DATASET CONTENT.
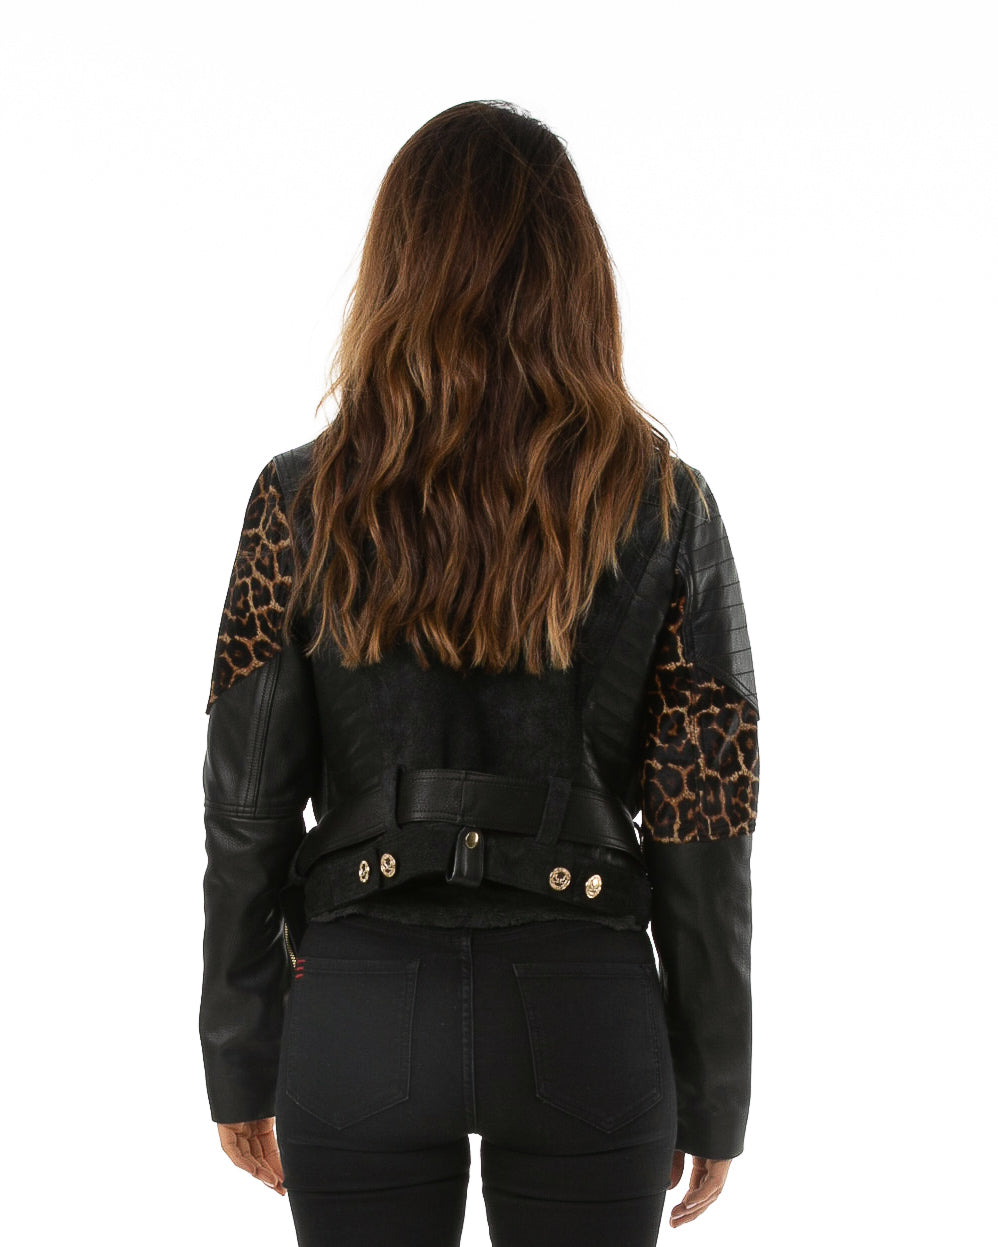 Backside of female model wearing Papi leather jacket
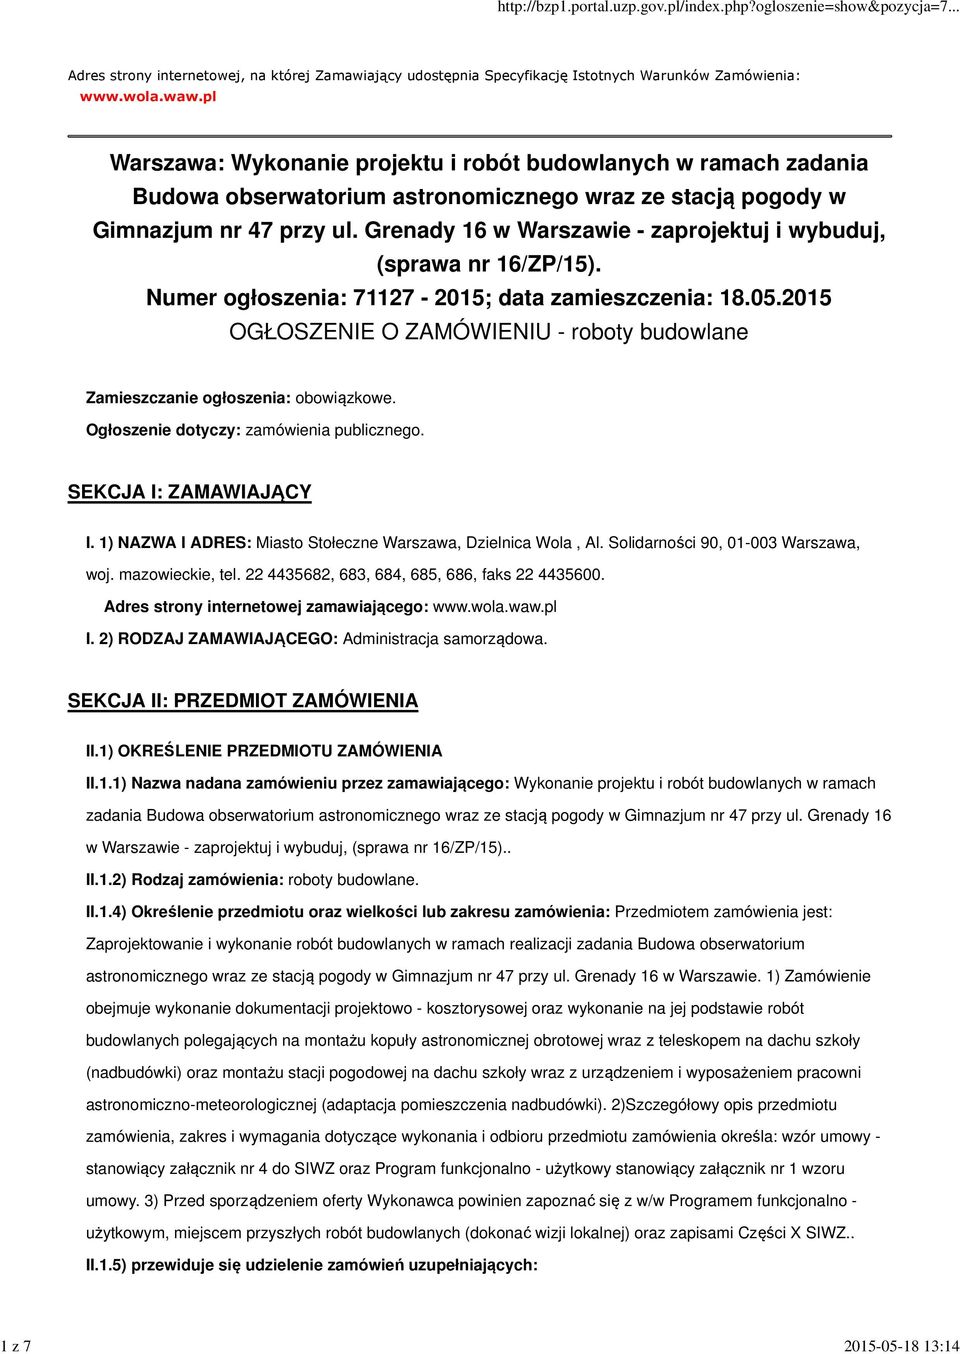 Grenady 16 w Warszawie - zaprojektuj i wybuduj, (sprawa nr 16/ZP/15). Numer ogłoszenia: 71127-2015; data zamieszczenia: 18.05.
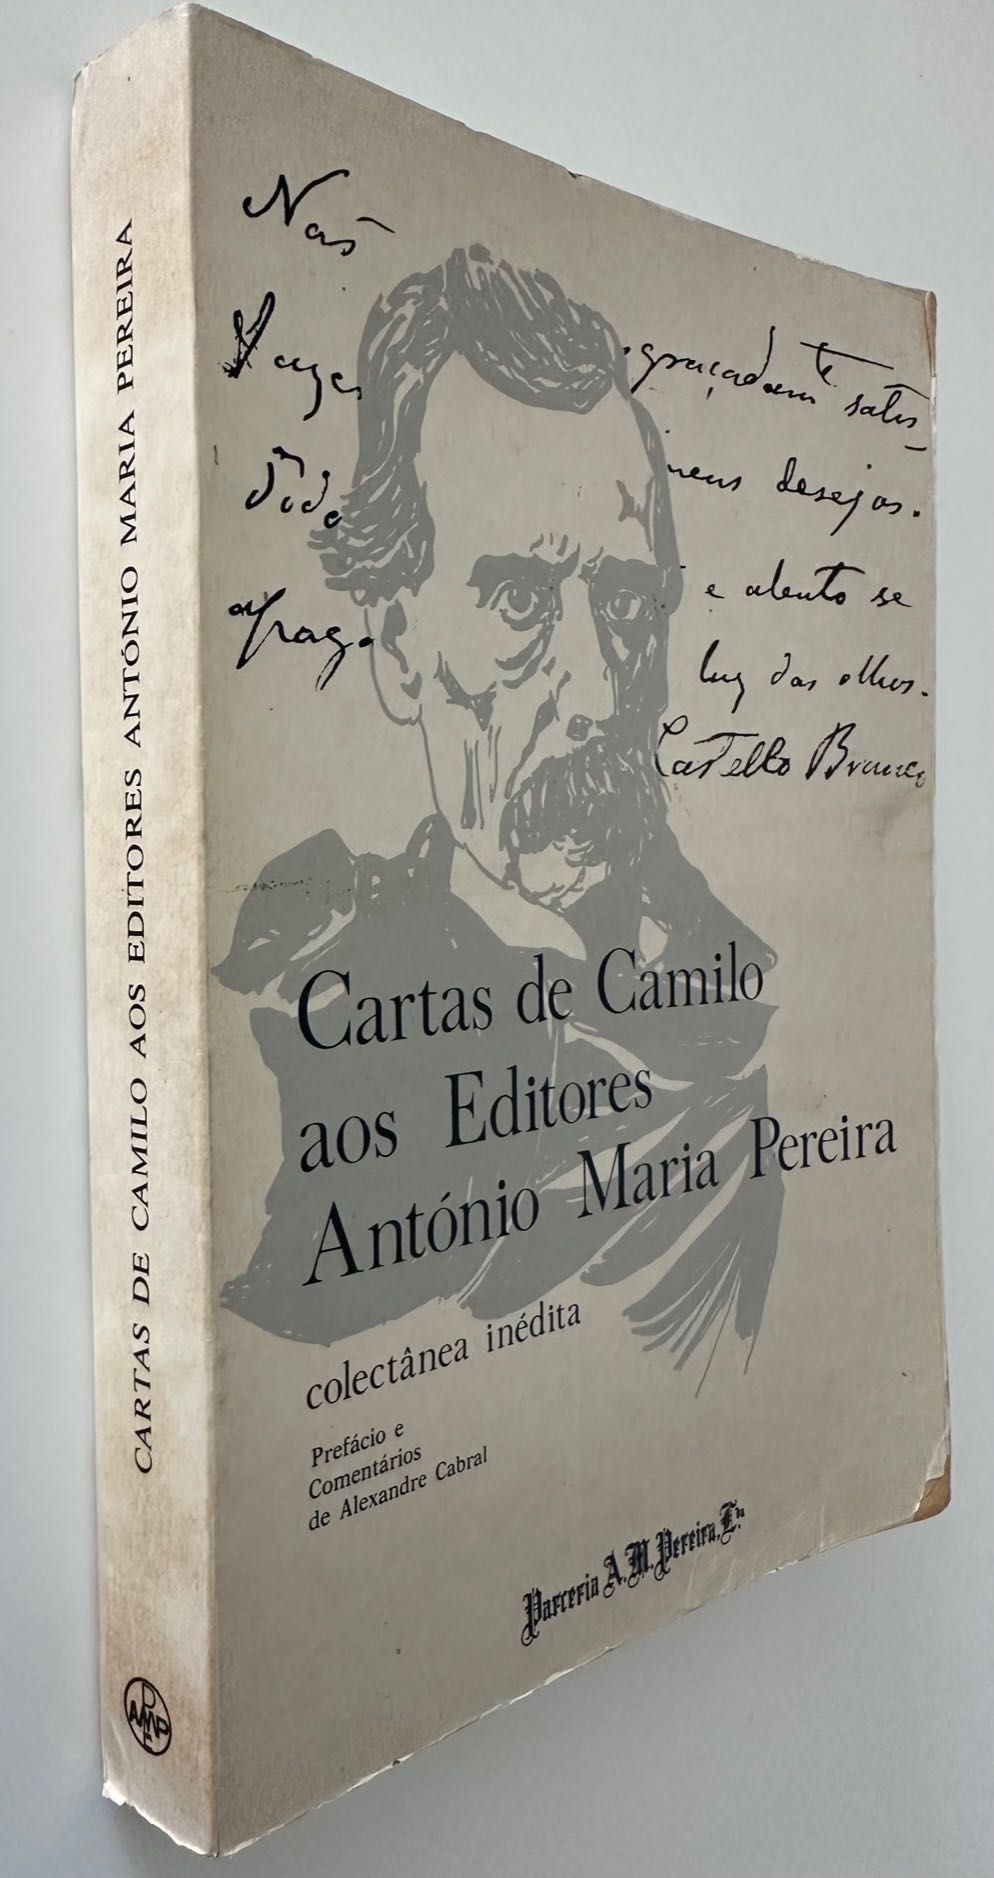 Cartas de Camilo aos Editores António Maria Pereira - 1973
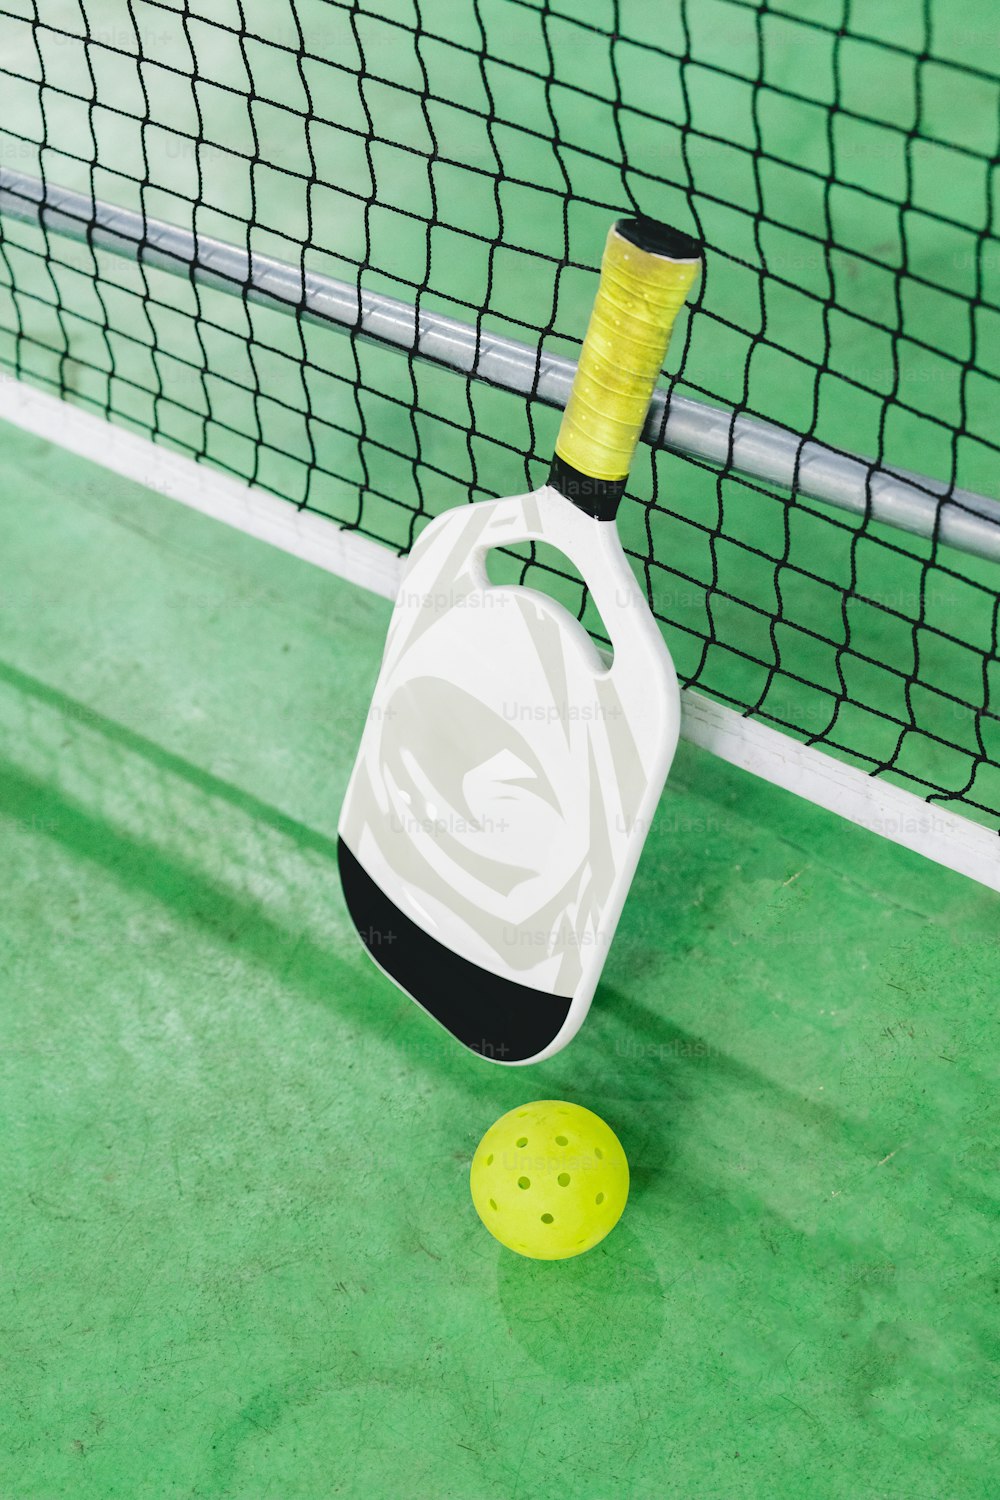 코트 위의 테니스 라켓과 공

BRIEF. The lines to be extracted begin at the line containing "Cartas de Camilo" and continue through the final line of the material above, both ends included. Reproduce them exactly, without the pictures.

PROBLEM SOLUTION.
 Cartas de Camilo aos Editores António Maria Pereira - 1973
 코트 위의 테니스 라켓과 공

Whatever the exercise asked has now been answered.